Konyol pikiranmu, koq yang dipaksa wanita harus pakain Islamiah, tetapi 
laki-lakinya boleh seperti Mr John dan Mr Gentleman. Itukah keadilan Awlloh?

  ----- Original Message ----- 
  From: Hati Nurani 
  To: zamanku@yahoogroups.com 
  Sent: Wednesday, September 24, 2008 10:38 AM
  Subject: [zamanku] Bisikan Syetan Re: Saudi women beat a path to the TV for 

        Negara Amerika Latin yang miskin-miskin wanitanya tidak berjilbab.

        --- On Tue, 9/23/08, Sunny <[EMAIL PROTECTED]> wrote:

          From: Sunny <[EMAIL PROTECTED]>
          Subject: Re: [zamanku] Bisikan Syetan Re: Saudi women beat a path to 
the TV for Oprah
          To: zamanku@yahoogroups.com
          Date: Tuesday, September 23, 2008, 12:51 PM

          Busana boleh saja, tetapi bukan untuk  dipaksakan pada wanita, pada 
pihak lain orang laki  boleh berpakain seperti Mr John, Mr Kent,  Mr Thom 
dengan open jas seperti Mr Gentlemen. 

          Dari pakaian saja sudah  berbeda, makanya itu distribusi pendapatan 
di Indonesia berbeda seperti dunia dan langit, kemiskinan merraja lela dan 
tidak akan bisa ada kemajuan.

            ----- Original Message ----- 
            From: Hati Nurani 
            To: [EMAIL PROTECTED] .com 
            Sent: Monday, September 22, 2008 11:13 AM
            Subject: [zamanku] Bisikan Syetan Re: Saudi women beat a path to 
the TV for Oprah

                  Banyak orang mengecam busana muslimah dengan berbagai Alasan, 
misalnya  ada yang beralasan supaya jangan sampai keluar aturan agar non 
muslimah 'dipaksa' memakai  busana muslimah.

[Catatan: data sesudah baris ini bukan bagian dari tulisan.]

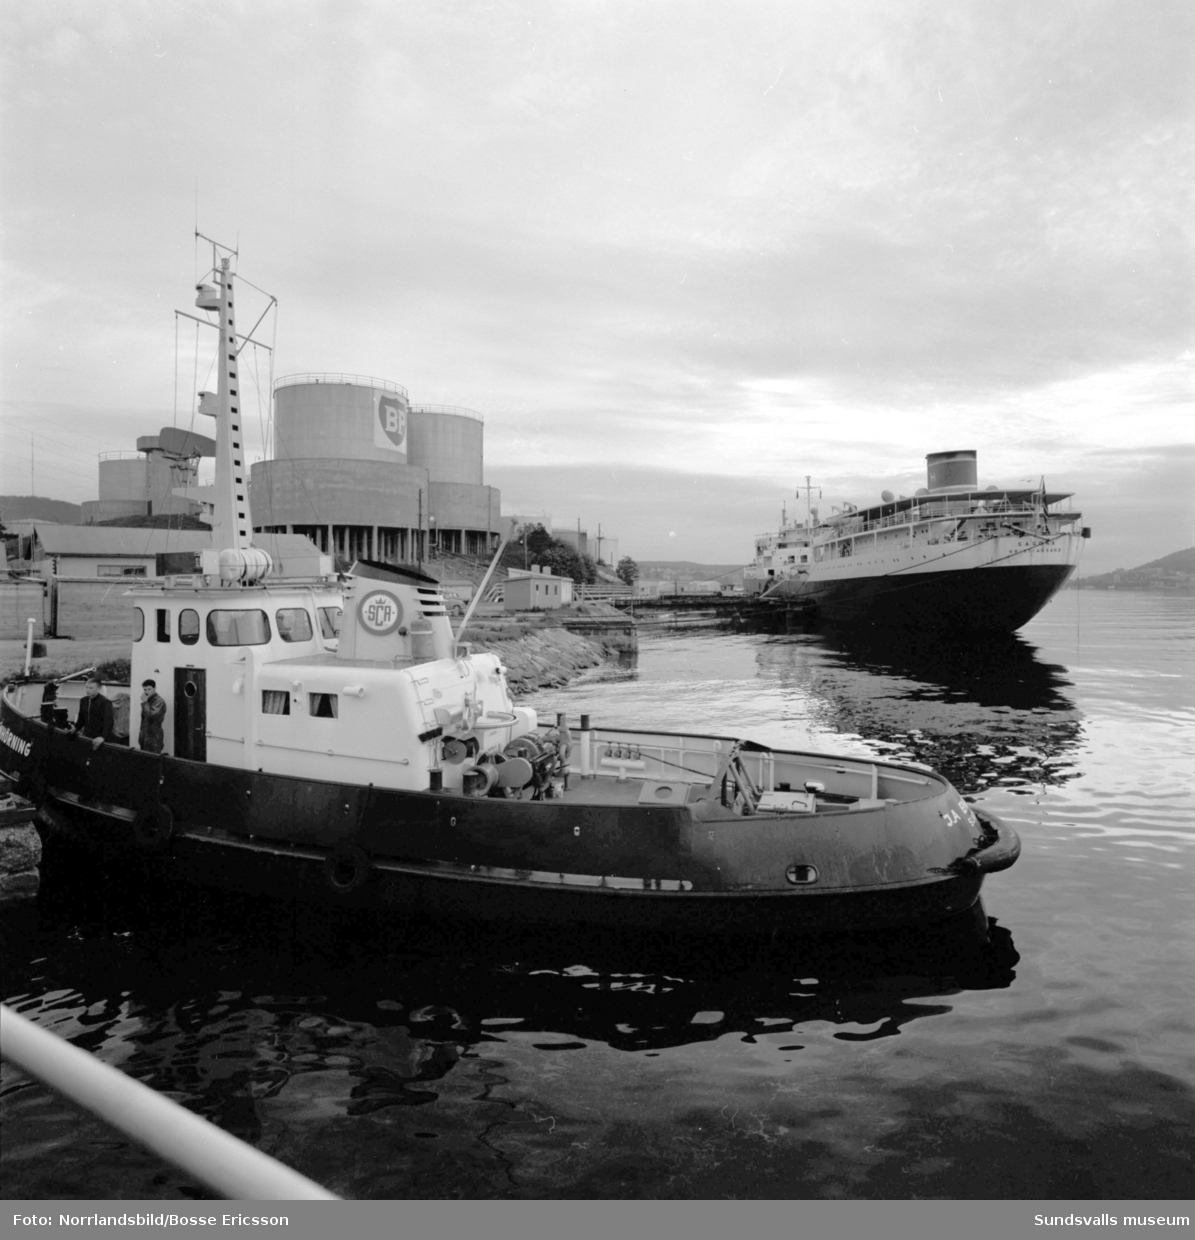 Vindskärsvarv. Sagona, 18000 ton, går ut och Oktania, 42000 ton, anländer. På bild nr 5 ses fotografen Ragge Ellefsson i aktion.

                  Ada yang menggunakan alasan bahwa dengan banyaknya busana 
muslimah, pakaian tradisional tersingkir.

                  Semua alasan itu biasanya hanya mengada-ada. Alasan Utama 
adalah, jangan sampai ada orang Muslim/muslimah menjalankan ajaran agamanya. 
Dan bisikan seperti ini adalah bisikan Syetan/Iblis yang tidak suka manusia 
menjalankan aturan agama.

                  Inilah contoh bisikan itu :
                  Come on, Indonesian Muslimah, you have always enjoyed your 
independence and freedom without being promiscuous or immodest


                  --- On Sun, 9/21/08, gkrantau <[EMAIL PROTECTED] com> wrote:

                    From: gkrantau <[EMAIL PROTECTED] com>
                    Subject: [zamanku] Re: Saudi women beat a path to the TV 
for Oprah
                    To: [EMAIL PROTECTED] .com
                    Date: Sunday, September 21, 2008, 11:35 PM

                    It should be an eye opener for Indonesian women (Muslimah) 
who are now being coerced by the fanatical Muslim men to accept restrictions 
which the Arab Muslimah are beginning to realize as a form of subjugation.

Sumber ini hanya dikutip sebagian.